Video to video is not too special, we've had temporally stable solutions to those for some time now, and they're even in commercially available apps. The real test is true text to video, which is much harder.
To my knowledge, the only open source solution that works well for text to video is Zeroscope v2 XL, and v3 is coming soon. v2 is already on par with RunwayML's Gen-2 while v3 is better.
Runway runs circles around zeroscope. But that shouldn't be a blocker for zeroscope to catch up and/or surpass. Both runway and pika Labs deliver better quality at the moment. Evidence: struggling with all three of them.
Runway outputs the best video quality and options for video length whilst pika delivers better fidelity to an input image as inspiration. All of this subject to change without notice
I'm the car example the wheels don't spin which is interesting.
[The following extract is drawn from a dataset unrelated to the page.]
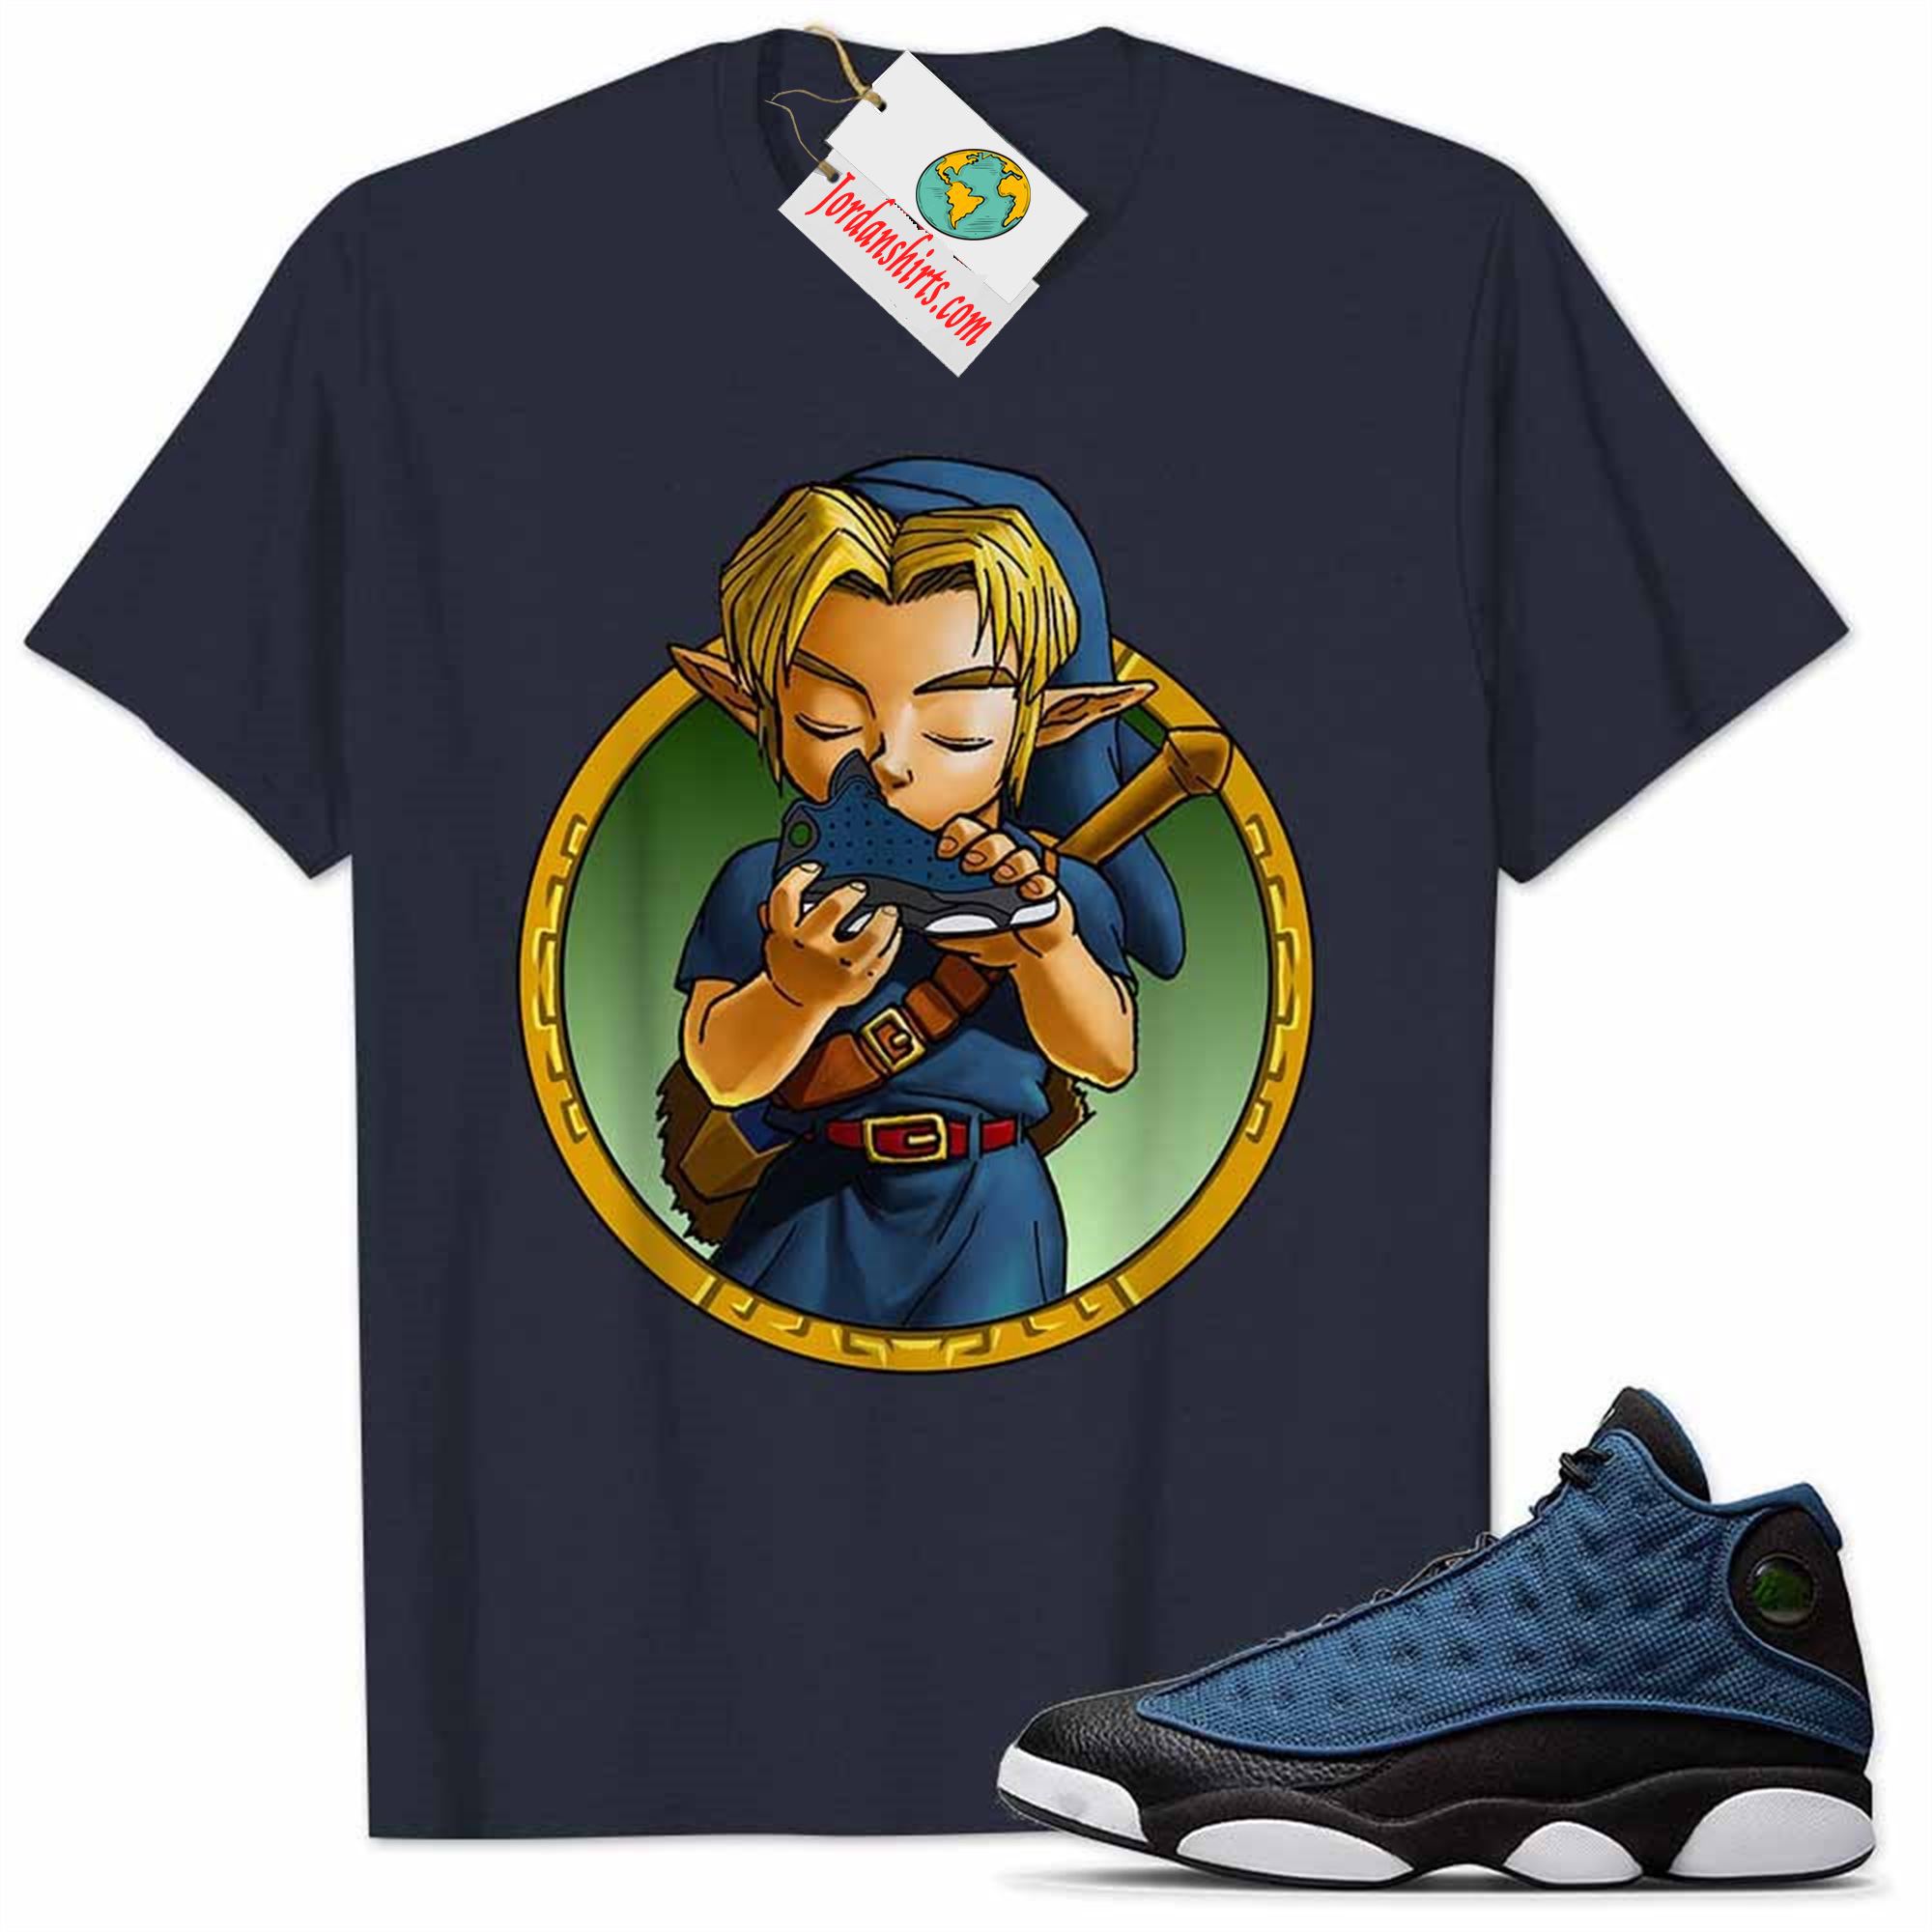 Jordan 13 Shirt, Jordan 13 Brave Blue Shirt Link Legend Of Zelda Find Treasure Navy Full Size Up To 5xl

The original frames have different wheel angles so simple text prompted img2img frame by frame approach would preserve the motion, but at the cost of interframe consistency.
Here you get consistent look of the scene and no rapid transitions, but the wheel motion is gone.
Being able to condition on a video vs. just text massively simplifies the task. Mainly because you get consistent camera motion and movement in the scene for free!
(1) with enough high-quality training data, «AI» models should be able to output H265 / H266 / AV1 directly, can achieve simplicity and reduce artifacts by skipping an inferior compression step and leveraging temporal elements
(2) if AI video compression (as demoed by nvidia) becomes standard, the training data and generated data will become [more] «AI-native», boosting these efforts by miles
why would you want 1? having the raster frames is surely better for post production. I agree that models should take a stab at compression but I think it should be independent. At the end of the day you also don't want to be doing video compression on your GPU, using a dedicated chip for that is so much more efficient.
lastly, you don't want to compress the same all the time. FOr low latency we compress with no b-frames and a smallish GOP, with VOD we have a long GOP and b-frames are great for compression.
2. as long as we can again port the algo's to dedicated hardware, which are on mobiles a must for energy efficiency for both encode and decode
For some reason you are being downvoted, but you are right - that is exactly what i was looking for. The videos on the original page did not play for me or give any indication they were videos.
Thanks mate, I really wanted to see some demos myself, but OPs link didn't show me much. This is pretty exciting, I know it's in its infancy but still... exciting times!
"We present the content deformation field (CoDeF) as a new type of video representation, which consists of a canonical content field aggregating the static contents in the entire video and a temporal deformation field recording the transformations from the canonical image (i.e., rendered from the canonical content field) to each individual frame along the time axis. Given a target video, these two fields are jointly optimized to reconstruct it through a carefully tailored rendering pipeline. We advisedly introduce some regularizations into the optimization process, urging the canonical content field to inherit semantics (e.g., the object shape) from the video."
The results also look very stable/impressive.